Under the pretext of carrying out missionary activities, Lute persuaded the minors and their parents to accept the trip and overnight stay in the sierra. Once there, the girls discovered that there were no such missionary activities. The stay where Lute made them spend the night had only one bed of reduced dimensions. There the priest committed the sexual abuses, while another adult linked to the parish spent the night outside, sleeping in the vehicle they used to travel.
This terrible case was reported in April 2022 to the then Bishop Prevost, and its management has generated much controversy. The journalist Elise Allen mentions it extensively in the supervised and authorized interview-biography by Leo XIV, defending that the management of the process by Bishop Prevost would have been impeccable. The same conclusion has been reached by media outlets such as El País or Religión Digital, for whom questioning how the canonical process against the pedophile priest Lute was managed would be an ultraconservative conspiracy.
What no one denies is that, three years later, the Lute case has not been resolved.
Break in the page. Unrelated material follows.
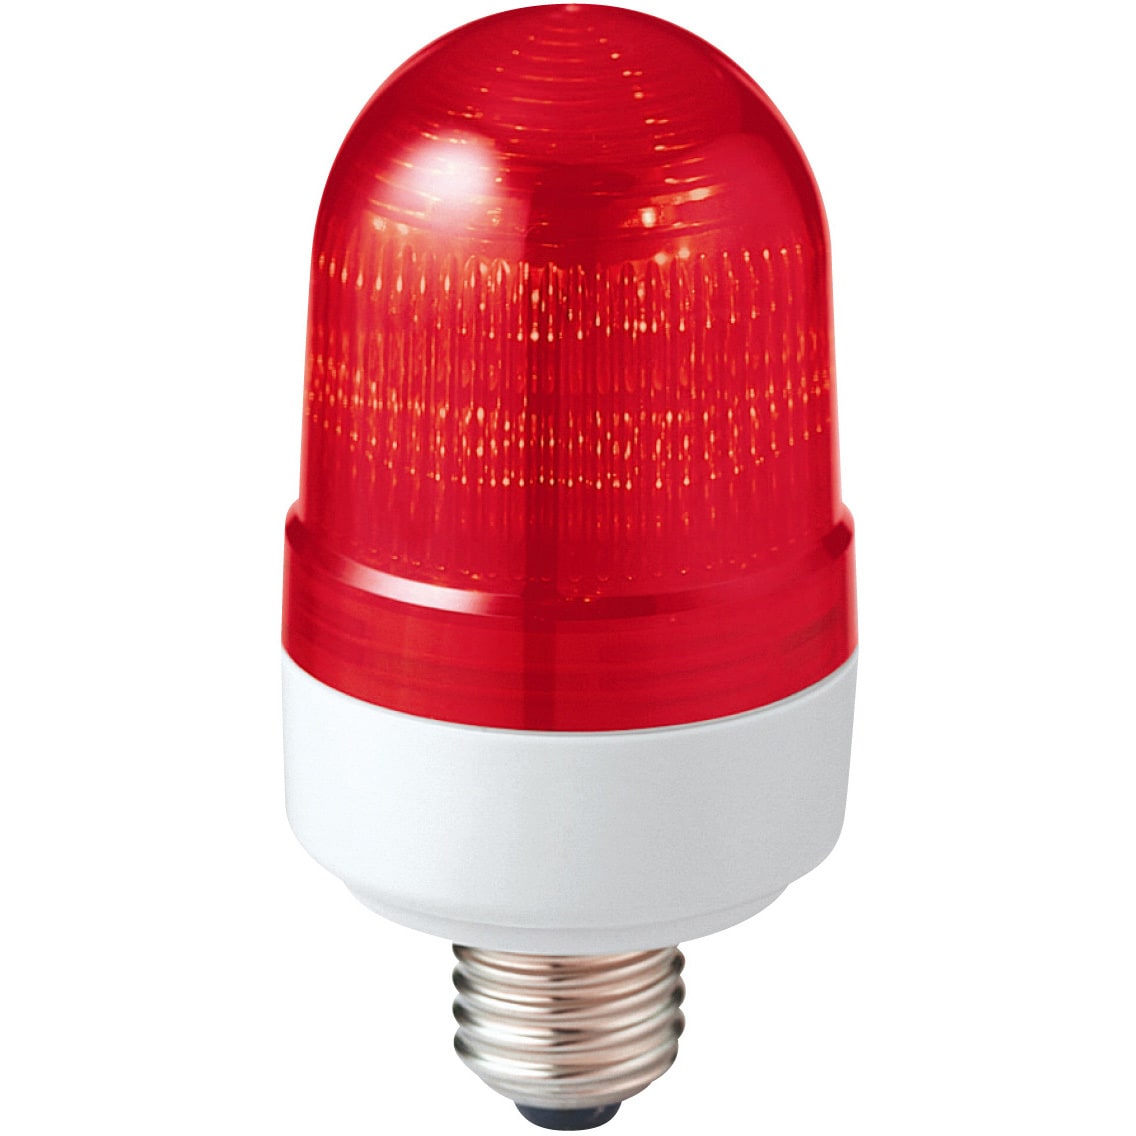 最大78%OFFクーポン シュナイダーエレクトリックホールディングス 超小型LED表示灯 LAXE-24R
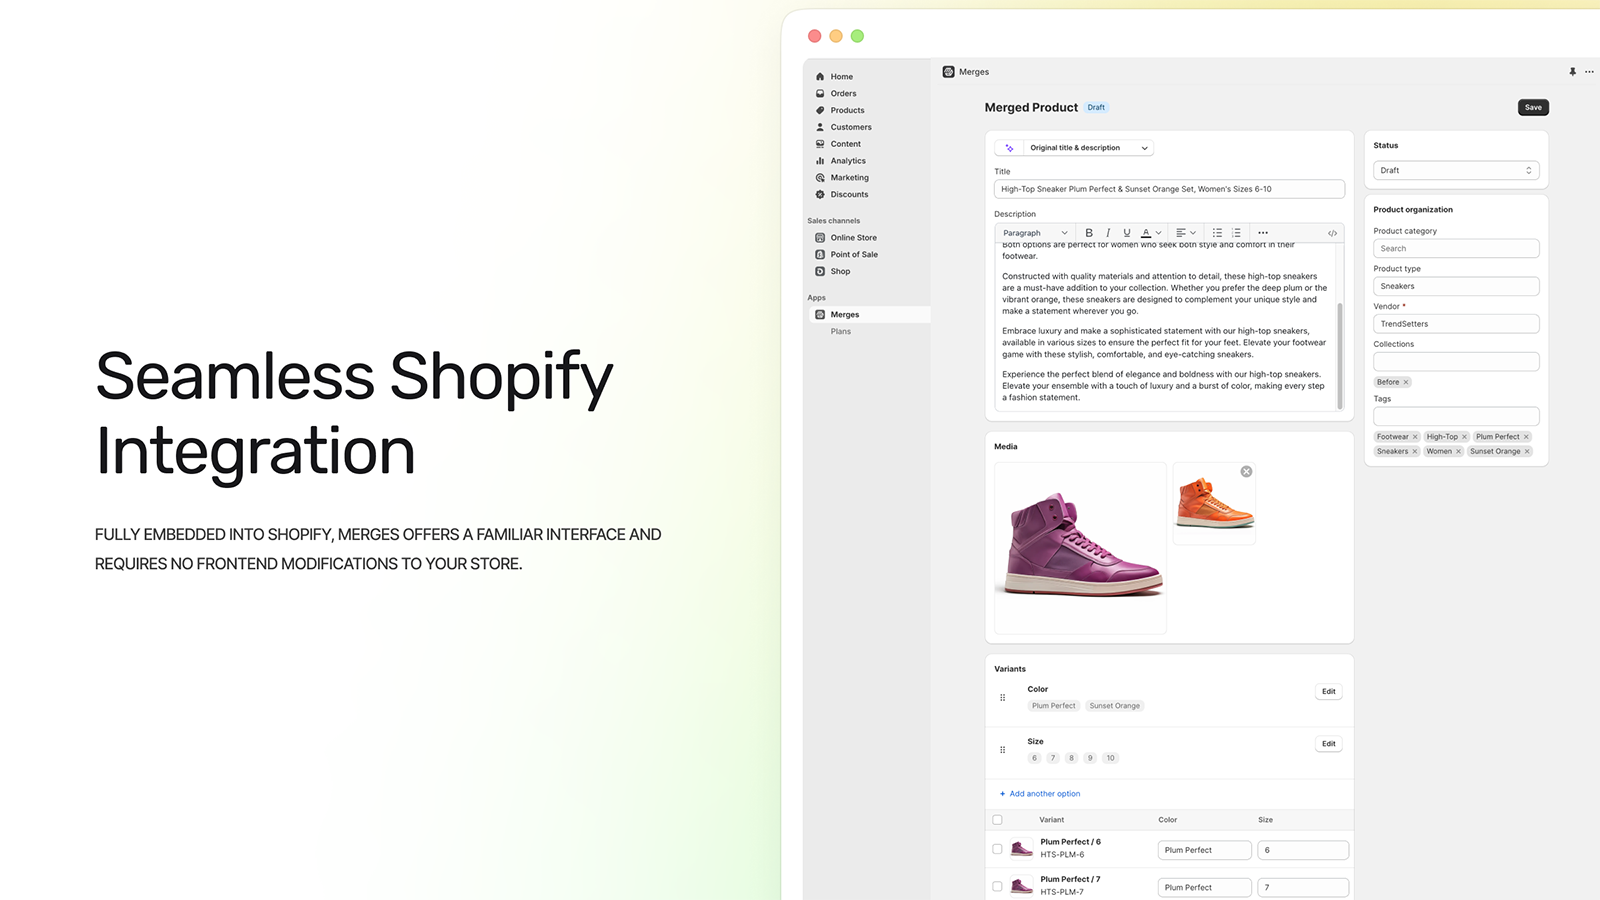 Aplicación completamente integrada en la experiencia de Shopify

There is no sentence that determines the facts, sanctions the pedophile priest, and repairs the damage caused to the victims.
The Trap to Avoid Investigation and Trial
While the victims continue to wait for justice, the process has taken an unexpected and alarming turn. According to what Friar Giampiero Gambaro told the complainants in a meeting held two days after the death of Pope Francis, Lute has formally requested Rome to grant him the grace of dispensation from the clerical state—a kind of “voluntary resignation” that, if approved by Rome, would immediately end the ecclesiastical judicial process as far as Lute is concerned. Gambaro assured the victims that, given the context of sede vacante, the request would be accepted by the new Pope in a matter of months, almost inevitably. In other words: there would be no investigation, no sentence, no accountability. Just a file closed in silence.
The proposal was presented to the victims as a done deal, an administrative procedure against which there was no room for opposition. “There is no other way out,” they were told. This version, however, is misleading and legally unsustainable. Canon Law establishes that the loss of the clerical state is not an automatic right of the priest, but an exceptional grace that only the Pope can grant or deny according to the good of the Church. And, more importantly, Vatican praxis is clear: while a penal process is ongoing, the dispensation cannot be processed. Allowing it would amount to deactivating the trial by the simple will of the accused to the detriment of the victims.
This escape mechanism is not new. Recent cases, such as that of the American bishop Howard Hubbard, have shown that Rome can reject these requests when there are open cases. Granting the dispensation to Lute in the middle of a process stalled for years would be, according to consulted jurists, an act of institutional cover-up of enormous gravity: it would erase any possibility of a sentence, deprive the victims of justice, and send a devastating message about the Church’s tolerance of sexual abuses committed by its clergy.